IMO 2006 Shortlisted Problems

Let $g(n)=nf(n)$ for $n\ge 1$ and $g(0)=0$. We note that, for $k=1,\dots ,n$, $$\lfloor \frac{n}{k}\rfloor -\lfloor \frac{n-1}{k}\rfloor =0$$ if $k$ is not a divisor of $n$ and $$\lfloor \frac{n}{k}\rfloor -\lfloor \frac{n-1}{k}\rfloor =1$$ if $k$ divides $n$. It therefore follows that if $d(n)$ is the number of positive divisors of $n\ge 1$ then $$\begin{array}{rl}g(n)& =\lfloor \frac{n}{1}\rfloor +\lfloor \frac{n}{2}\rfloor +\cdots +\lfloor \frac{n}{n-1}\rfloor +\lfloor \frac{n}{n}\rfloor \\ & =\lfloor \frac{n-1}{1}\rfloor +\lfloor \frac{n-1}{2}\rfloor +\cdots +\lfloor \frac{n-1}{n-1}\rfloor +\lfloor \frac{n-1}{n}\rfloor +d(n)\\ & =g(n-1)+d(n)\end{array}$$ Hence $$g(n)=g(n-1)+d(n)=g(n-2)+d(n-1)+d(n)=\cdots =d(1)+d(2)+\cdots +d(n)$$ meaning that $$f(n)=\frac{d(1)+d(2)+\cdots +d(n)}{n}.$$ In other words, $f(n)$ is equal to the arithmetic mean of $d(1),d(2),\dots ,d(n)$. In order to prove the claims, it is therefore sufficient to show that $d(n+1)>f(n)$ and $d(n+1)<f(n)$ both hold infinitely often.

We note that $d(1)=1$. For $n>1,d(n)\ge 2$ holds, with equality if and only if $n$ is prime. Since $f(6)=7/3>2$, it follows that $f(n)>2$ holds for all $n\ge 6$.

Since there are infinitely many primes, $d(n+1)=2$ holds for infinitely many values of $n$, and for each such $n\ge 6$ we have $d(n+1)=2<f(n)$. This proves claim (b).

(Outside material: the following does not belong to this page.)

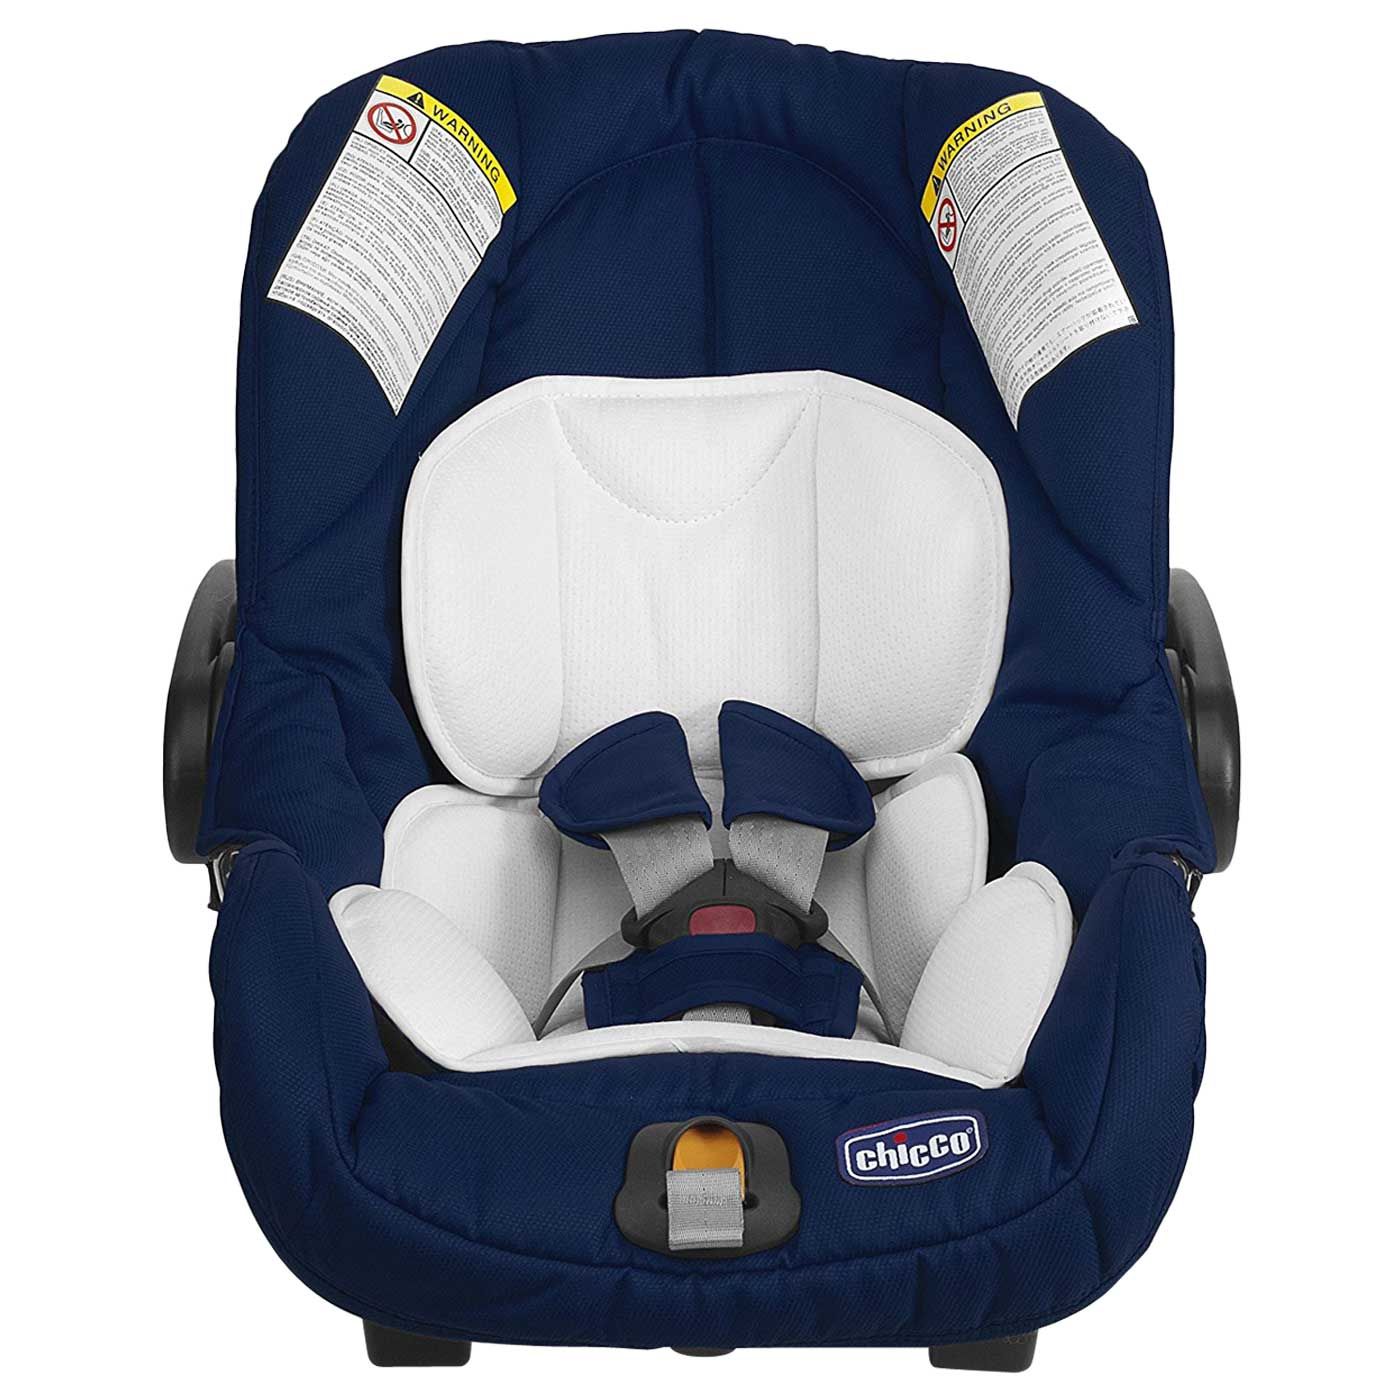 Chicco Keyfit Carseat

To prove (a), notice that the sequence $d(1),d(2),d(3),\dots$ is unbounded (e. g. $d\left(2^k\right)=k+1$ for all $k$ ). Hence $d(n+1)>\max \{d(1),d(2),\dots ,d(n)\}$ for infinitely many $n$. For all such $n$, we have $d(n+1)>f(n)$. This completes the solution.